USCIS Hikes Fees for EB-5 Investors and Regional Centers - EB5Investors.com

USCIS proposes fee hikes for EB-5 investors and regional centers

EB5Investors.com Staff

By Anayat Durrani

The U.S. Citizenship and Immigration Services (USCIS) announced it is adjusting immigration and naturalization benefit request fees as part of a comprehensive fee review at the agency. The USCIS says the fee increase will allow the agency to help recover operating costs, reestablish and continue timely case processing and prevent future case backlog.

While the USCIS will not raise costs for everyone, EB-5 investors will bear the brunt of the fee hikes and will pay $1160 for I-526 petitions and $9535 for I-829 petitions. Application fees for the EB-5 visa, which will increase from $3,675 to $11,160, represent a 204% jump.

“The U.S. Citizenship and Immigration Services’ proposal to triple the filing fee for immigrant investors is outrageous especially since this program is designed to create jobs for Americans,” says Bernie Wolfsdorf, managing partner at WR Immigration and past president of the American Immigration Lawyers Association.

The role of EB-5 filing fees for USCIS

USCIS receives approximately 96 percent of its funding from filing fees and not funds from Congress. The agency’s current fees have remained unchanged since 2016.

“While I understand the need to defray costs of other applications, such as for asylees, an increase from $3,675 to $11,160 for the first phase is an attempt to fleece immigrant investors, especially when coupled with a proposed increase for the second stage removal of conditions from $3,750 to $9,525 for a total of $20,685,” says Wolfsdorf.

The law allows filing fees to be set at a level that provides recovery of the costs of providing all services, Wolfsdorf says, including the costs of similar services provided without charge to asylum applicants and other immigrants.

“I am struggling to understand how the government can justify fees of over $20,000 to adjudicate the Form I-526, and the Form I-829?” says Wolfsdorf. “The proposed fee of $47,695 for regional center application is also prohibitive. If we saw an improvement in adjudication times, a reasonable fee increase would be understandable but so far we have only seen adjudication times get longer, and longer.”

Why USCIS has increased EB-5 filing fees

USCIS Director Ur M. Jaddou said in a statement that the proposed rule will allow the agency “to more fully recover operating costs for the first time in six years and will support the Administration’s effort to rebuild the legal immigration system.”

USCIS says it conducted a comprehensive biennial fee review and found that the agency’s costs have increased since its last fee adjustment because of expanded humanitarian programs, higher demand, increased processing times, and a need for additional USCIS employees.

The agency said that the COVID-19 pandemic created a decrease in new applications to the agency and a 40% drop in revenue.  

The fee proposals were released by USCIS on January 3, in a more than 400-page long document.

“It’s actually insulting! Never has a program been so mismanaged by an agency and the sheer nerve of the agency to raise fees on a program that is so horribly mismanaged is outrageous,” says Tammy Fox-Isicoff, immigration attorney and a co-founder of Rifkin & Fox-Isicoff, P.A. 

The fee increase will not take effect immediately as there is a 60-day period for public comments.
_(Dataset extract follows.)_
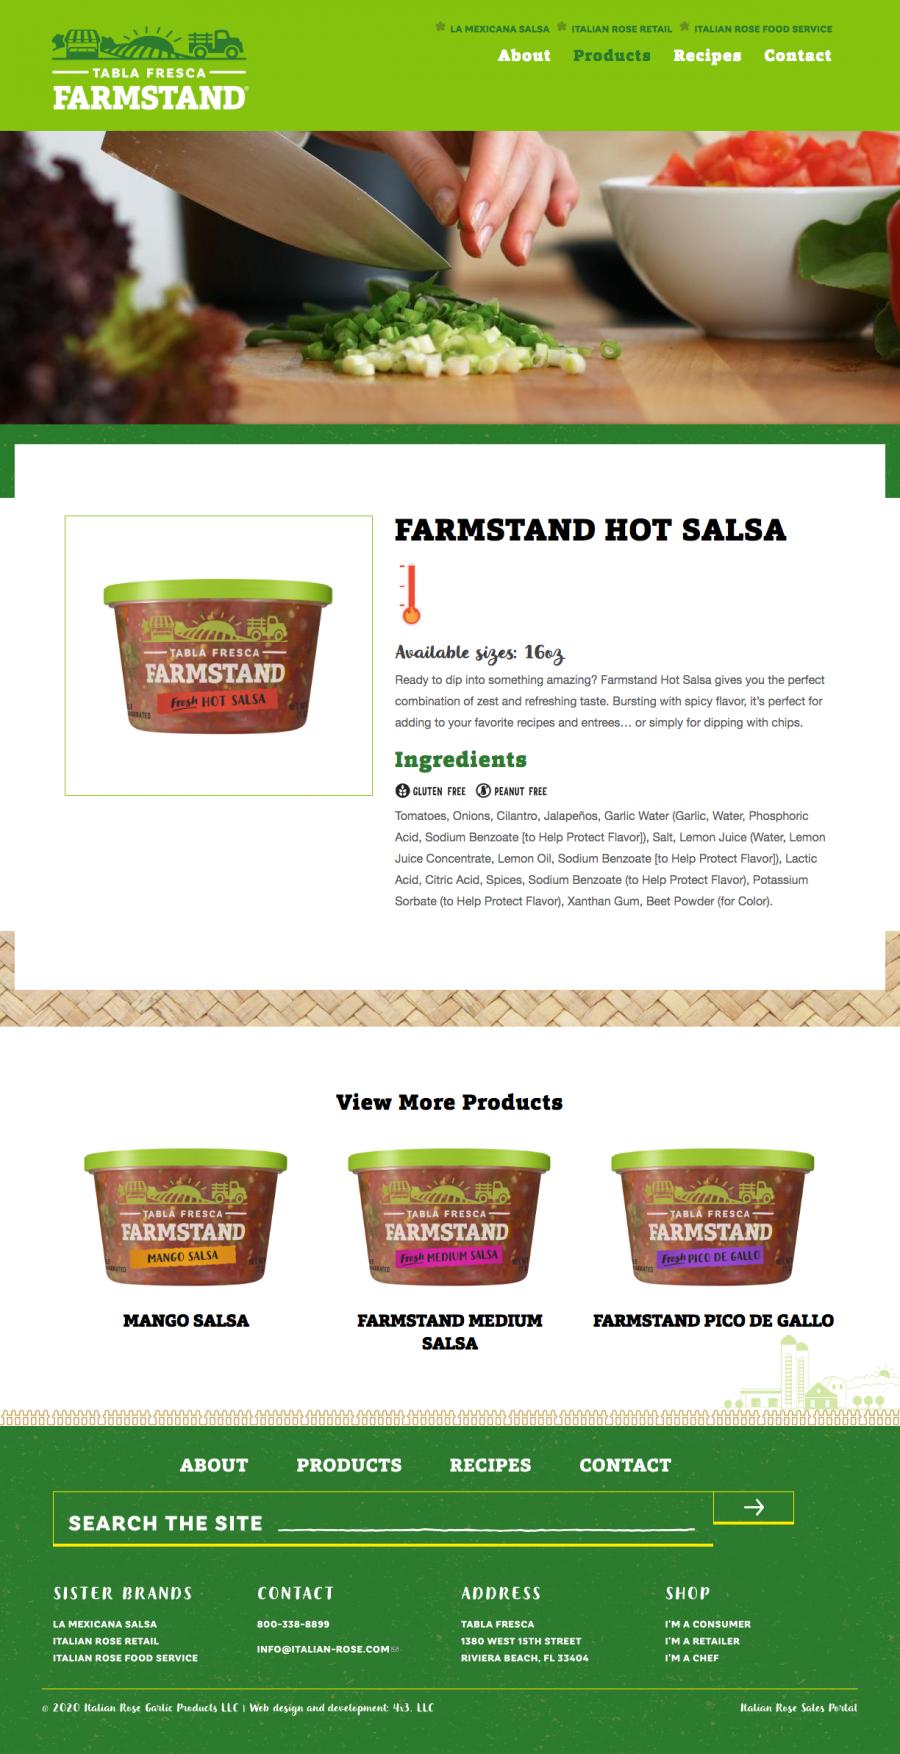 Tabla Fresca Farmstand product page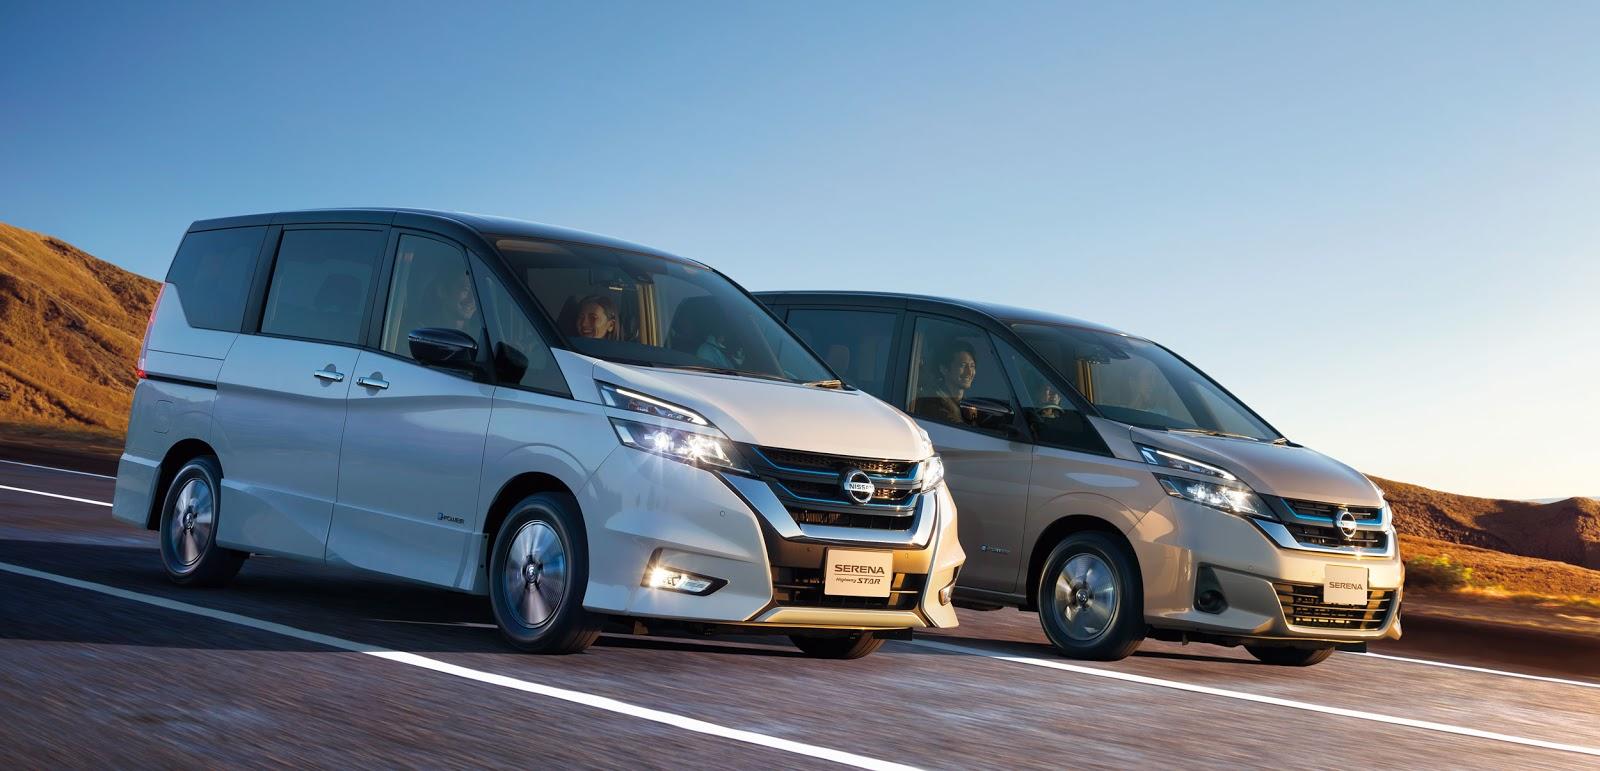 Nissan Serena e POWER 2 Βραβείο τεχνολογίας για το e-POWER της Nissan Electric cars, Nissan, βραβείο, Τεχνολογία

“I had an older client tell me today that when she invested four years ago, she dreamed of spending her sunset years in Miami with her husband. Now he has advanced Alzheimer’s and broke his hip and he is in a nursing home in Spain,” says Fox-Isicoff. “She says at this point, it doesn’t even make sense to continue the process. USCIS can’t keep hiking fees and not providing service. These adjudications should take months, not years.”

Wolfsdorf believes many investors will feel they are being overcharged with the dramatic fee hike. USCIS plans to host a public engagement session on the proposed fee rule on January 11 at 2 pm EST.

“It’s time for USCIS to explain and justify why it is necessary to massively increase fees while taking longer and longer to adjudicate cases,” says Wolfsdorf.